Snake AI using Reinforcement Learning

The main objective of this project is to train an Agent to achieve the best possible score in the Snake game :

without knowing any strategy, but only being rewarded when eating apple, and punished when colliding the walls or itself
discovering its environment at the First Person (there is no map provided)

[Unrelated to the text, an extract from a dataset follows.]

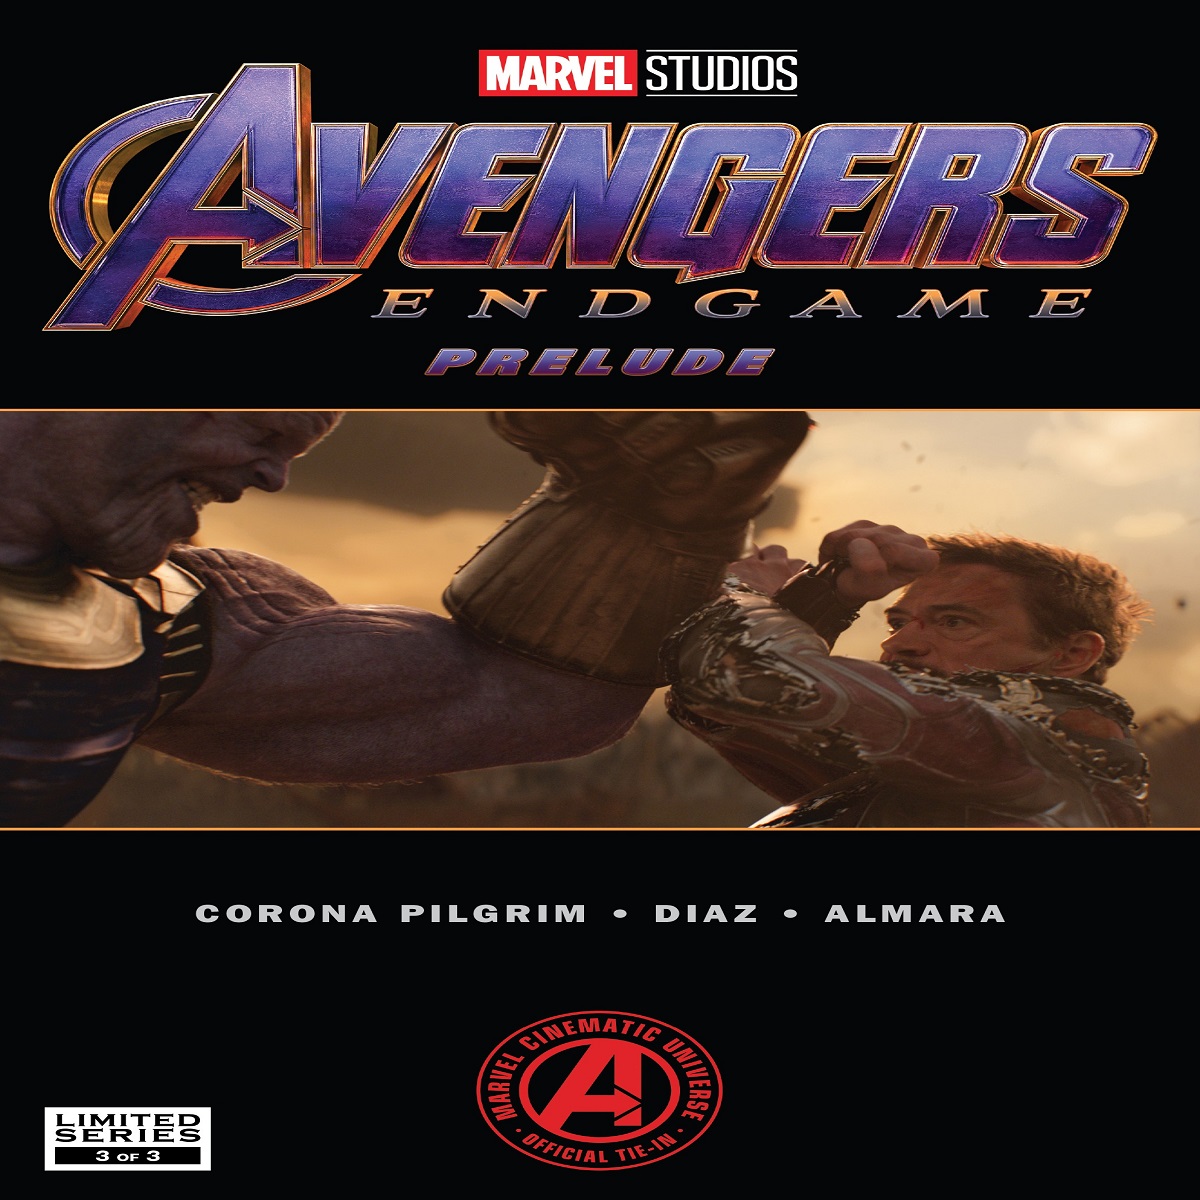 مجله Marvels Avengers Endgame Prelude 3 فوریه 2019

The Agent is trained using a Reinforcement Learning technique called “Deep Q-network” (DQN), a Q-Learning variant based on a neural network. The aim of DQN is to estimate the Q function with NN, when the state is becoming too huge for basic Q-Learning.

screencast

description

the input of the NN consists in the encoded game environment, from the Snake point of view :

the wall distance in Front Left and Right directions
the body distance in Front Left, Right and 4 diagonals directions
the apple location (angle)

the ouput consists in one of the 3 possible actions : FORWARD, LEFT, RIGHT

the hidden layer of NN is currently 256

training

current best results are achieved with :

a game board of 12x12
gamma (discount rate) of 0.9
replay batch of 1000
learning rate 0.001
and epsilon decay of 0.001 (for exploration/exploitation probability)

results

the Agent trained on 12x12 can also play on lower or hgher dimensions because of the normalized inputs
currently has a mean score of 35 (best is 47 so far).

source code

https://github.com/gpicavet/snake_ai